When the council voted to amend the ordinance that creates the assessment roll for 12 months and change it to six, it split 3-3, with Mayor John Talbott abstaining. The council then voted to defer, in part because of the lateness of the hour.
Eugster has taken the BID to task for engaging in activities beyond what the law allows, such as economic development, and for not being able to prove to its ratepayers that they get fair value for their money.
“You cannot say that a business person putting in a dollar is getting a dollar’s worth out of it, and I think you have to be able to see it,” Eugster said at Monday’s meeting.
Eugster is a downtown property owner who once sued the BID and pays his BID assessment under protest.
“I haven’t seen a return (on the assessment) at all,” he said. “I clean my own sidewalk.”
Comments like that are cited by some other council members as evidence that Eugster’s complaints with the BID are personal and not widely shared by its ratepayers.
“Steve, you could not get three or four other people in the boat with you to support it,” Councilman Rob Higgins said at Monday’s meting. “This is obviously a personal issue with you. I sit here month after month and do not hear the slightest opposition to the BID. You certainly don’t have the support of the people.”

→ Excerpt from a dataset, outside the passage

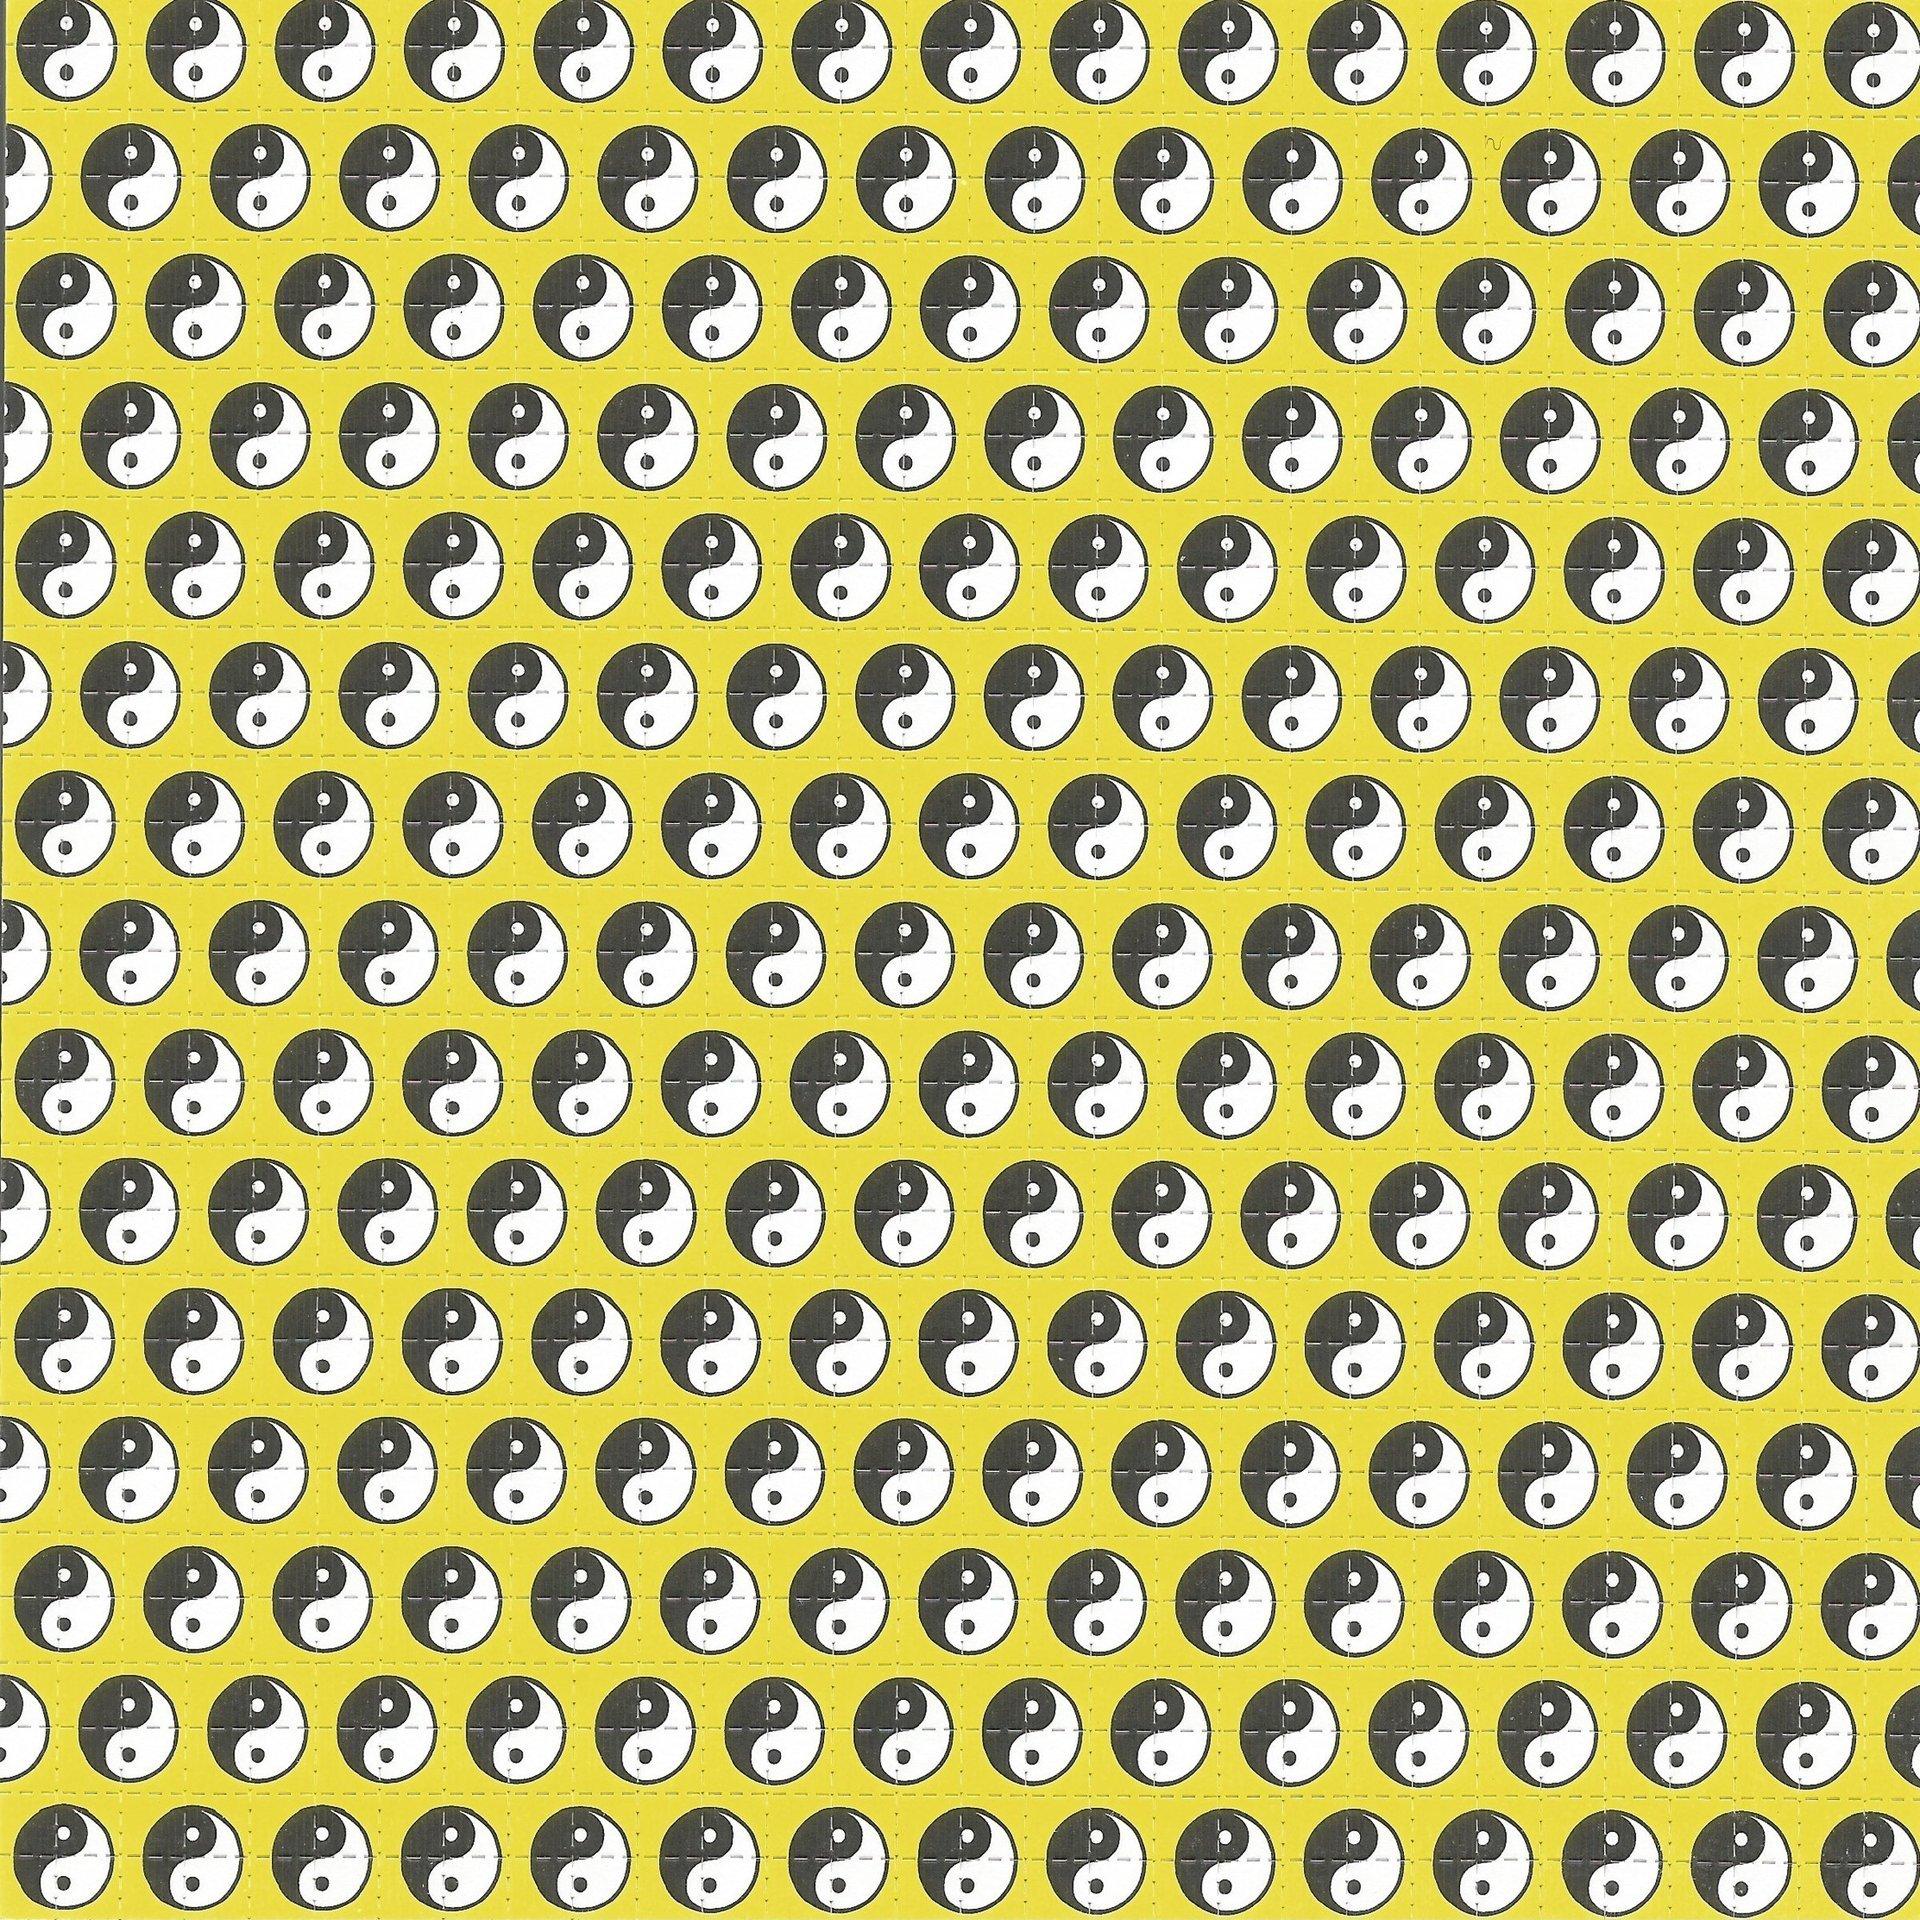 Yin Yans - Yellow Blotter

But Councilman Steve Corker said Thursday that more BID ratepayers are dissatisfied with the organization than it appears.
“There are a lot of people who are afraid to complain,” Corker said. “Oftentimes an individual in this community is afraid to challenge the traditional way of thinking for fear of personal and economic repercussions. I’ve had six or seven people comment to me that their payments aren’t commensurate to the services they receive.”
The BID is committed to change, just not on Eugster’s timetable, said Mike Edwards, president of the Downtown Spokane partnership, which administers the BID.
“What we want to do and what the city wants to do is similar,” Edwards said. “Our responsibility is that we do it in the most appropriate and professional way possible.”